Processes for streaming patients were introduced before any change to the fabric of the building. Protocols were agreed for
specific patient groups, the working patterns of consultant staff were redesigned and there was extended support provided from
diagnostic and therapeutic services.
Once the new processes were in place, the trust began to improve the working environment. The emergency unit now consists
of the emergency department, clinical decisions unit (CDU), ambulatory care unit and a specific assessment area called
BRATZ (Bridgend Rapid Assessment and Treatment Zone). These areas are situated next to one another to assist in joint
working.
Most majors (patients with serious illness or injuries) go through the BRATZ area where they quickly undergo specific tests.
This area is run by a dedicated senior doctor, nurse and physician’s assistant. Following their assessment within BRATZ,
patients often move to a trolley area to await results and further diagnosis. Patients should stay in the trolley area for less than
four hours. The CDU consists of a 24-hour observation area and a 48-hour observation area.
A specific acute care physician drives the pathway within the CDU and ambulatory unit and works closely with the medical
team within the emergency department.
These changes have been accompanied by significant improvements to IT systems within the emergency unit and within the
rest of the hospital. The improvements allow clinicians to see live information about the location and status of all patients in the
hospital.
The programme team recognised that improved efficiency in bringing people through the hospital could not be maximised until
the hospital’s discharge processes were improved. Therefore, the programme has involved the introduction of ward rounds
seven days per week, discharge planning from day one, introduction of discharge lounges, ensuring medication is ready for
patients to take home and the introduction of discharge facilitators.

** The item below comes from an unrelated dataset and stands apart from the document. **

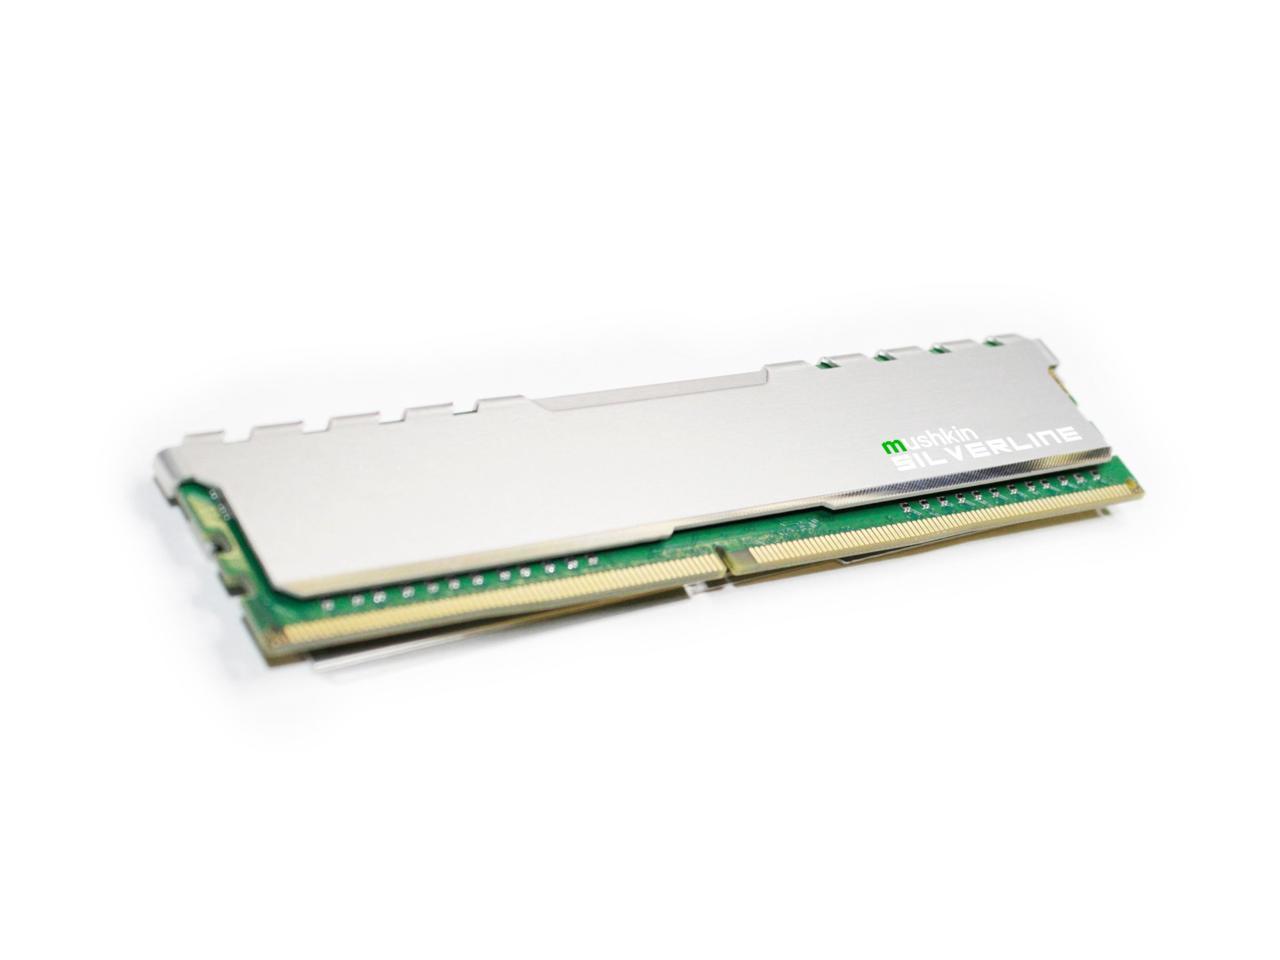 Mushkin Silverline 8GB (2X4GB) DDR4 PC4-17000 2133MHz 288-pin Desktop Memory Model MSL4U213FF4GX2

The programme has also succeeded in ensuring there is early involvement from social services when required. One way of
achieving earlier social services involvement has been through the use of ‘trigger length of stay’ meetings. Each ward/specialty
sets a trigger length of stay for each of their patients and meetings are held every Tuesday to discuss cases where a patient’s
stay in hospital has reached their trigger point. These meetings help identify issues that are preventing a patient’s safe
discharge. If the patient is awaiting a social worker assessment, the case is escalated and a response is required from social
services. These meetings are held in addition to delayed transfers of care meetings that discuss only the patients who are
classified as delayed transfers of care or are due to become classified as such,
Whilst an internal evaluation of the programme suggests that the changes have resulted in greater compliance with the
emergency department access targets, the unit being under pressure less frequently and positive feedback from staff and
patients, the trust acknowledges that the model is far from perfect. Capacity problems in the rest of the hospital can result in
the short-stay areas being used inappropriately for patients who required admission to the wards. The trust’s ongoing
evaluation of the model aims to ensure continued improvements in efficiency and patient care.